After an intense summer that involved a weekend spent cooking thousands of cheeseburgers on faulty propane grills in a tent surrounded by drunks and an escape to Oaxaca for a school trip, I felt myself losing my grip. I wasn’t excited anymore. I wasn’t happy to go to the restaurant. I spent my days off lying in bed or complaining to my friends and family about work. I didn’t want to talk about my job with new people I met, even though in theory I should have been proud of what I’d accomplished and what we were doing as a company. I was lucky to have also started a side project with my talented cousin and best friend. It was a light at the end of the tunnel. Our magazine, Compound Butter, helped me realize that I used to love cooking and food and that a life existed outside of the one I was currently struggling though.

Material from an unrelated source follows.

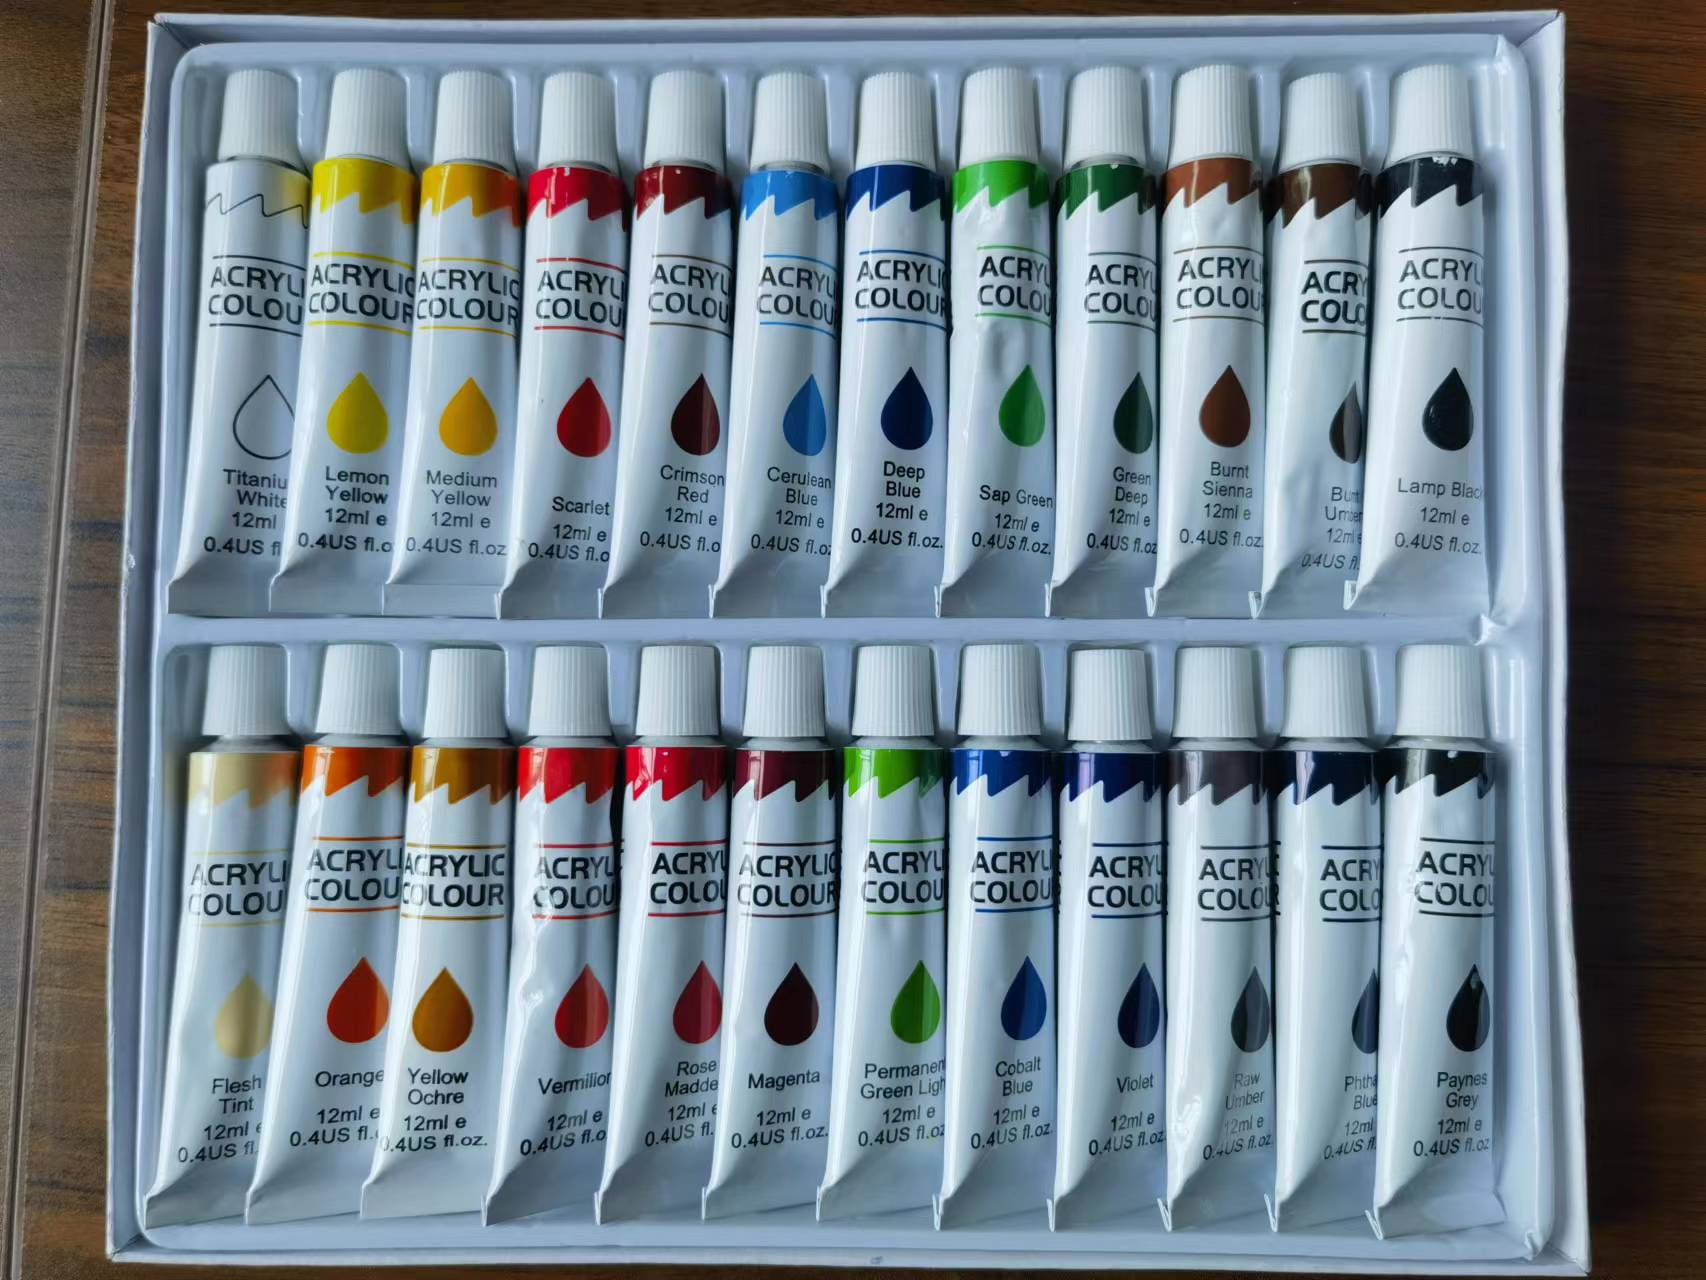 Fantastory fantastory acrylic paint set with 12 brushes, 24 colors

This past winter I decided that it was time to move on. I wanted to be able to look back on my time spent with them happily, and not with the resentment and bitterness I felt slowly bubbling to the surface. I was working 50 to 60 hours a week and it was finally time to admit that I wanted to take my life back. I left a few days before Christmas and spent the next two weeks reveling in my newfound freedom. I saw friends and family that I hadn’t seen in months and I slept in whenever I wanted to. After a 5am call time, sleeping until 9am felt like a revelation, so sleeping until 11 felt like overindulgence. Of course, that never stopped me.

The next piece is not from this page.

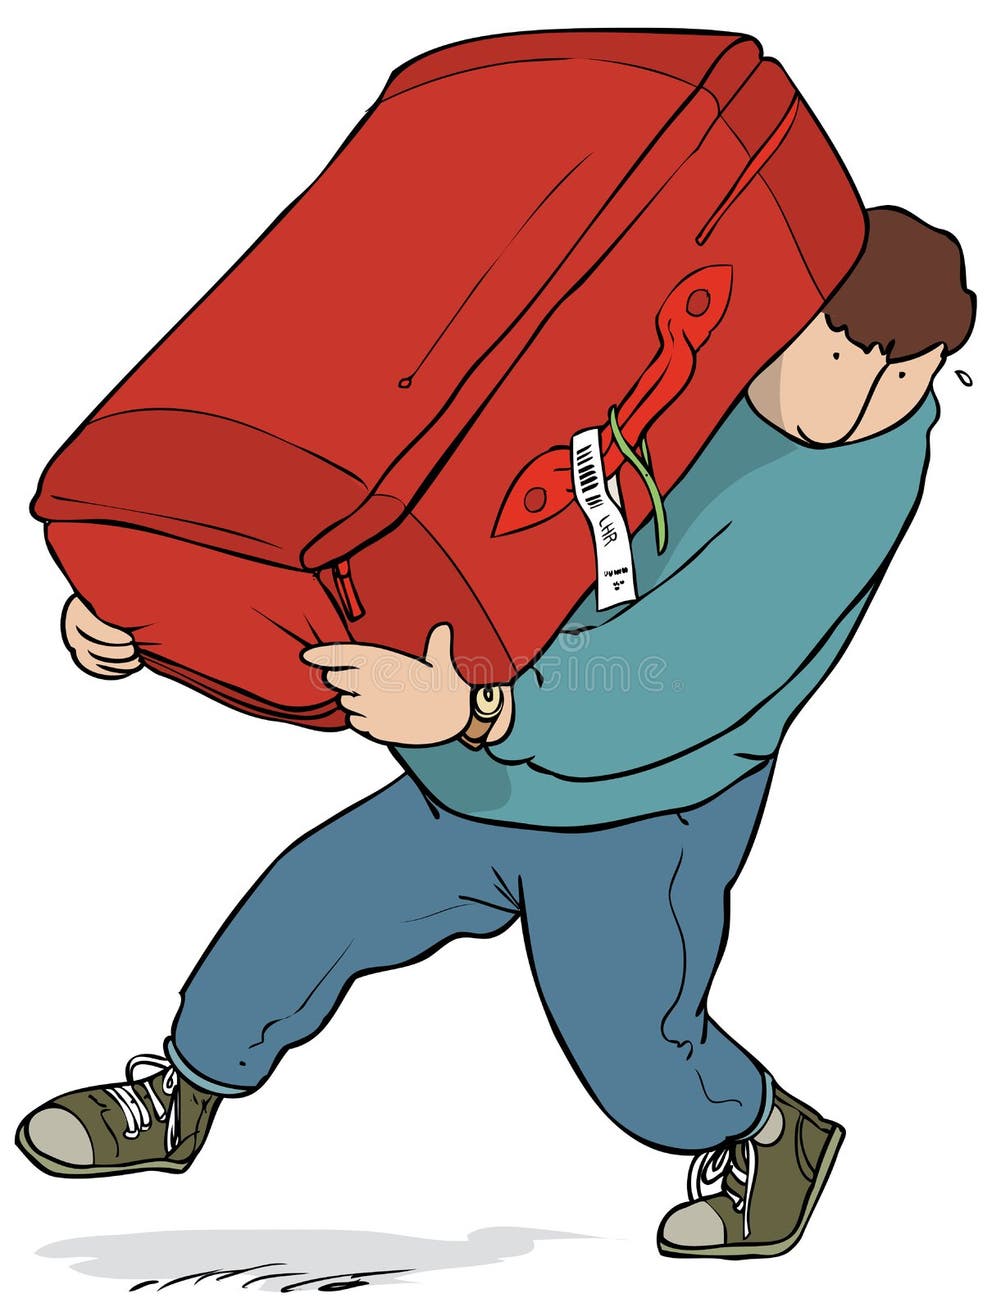 Heavy picture. Тяжелая ноша иллюстрация. Человек несет чемодан. Человек несет тяжелый чемодан. Тащить чемодан.

By my third week of unemployment, my last paycheck had finally run out and it was time to face reality. Luckily, one of my wonderful old coworkers connected me with a chef at a tech company and I quickly started a week-long stage. Those of you who know me well will know that I keep it calm and collected on the surface while internally I’m a nervous, paranoid wreck. I did a two-week tryout and then, thankfully, I was offered the position. The past five weeks have been incredible. I now work a roughly 9-5 schedule with weekends off. I make more than enough money to support myself and I have time to see my friends and family as often as I want. It still feels a bit surreal but it’s an amazing experience to work in a creative, supportive kitchen with people that are so kind to me.
I guess I’m telling you all of this to explain where I’ve been and where this blog and I will be going. This post doesn’t include a recipe because I’m still not back on the home cooking bandwagon. However, it is one of my greatest desires now to get back into cooking for myself and to share everything I’ve learned and experienced in the past few years with all of you. I hope to write about techniques, basic kitchen skills, and what to do when you accidentally start a grease fire on a flat top while hungover at 7am. Food was and will always be an important part of my life, my profession, and my personality. I will cherish my memories of baking cookies in high school just as much as memories of crushing a 600+ cover service with a line out the door. I want you to love food as much as I do and I hope to help by sharing my cooking stories, awkward life experiences, and recipes. So thank you all for being patient, for being supportive, and for demanding my return to blogging. I’m back and I couldn’t be happier about it!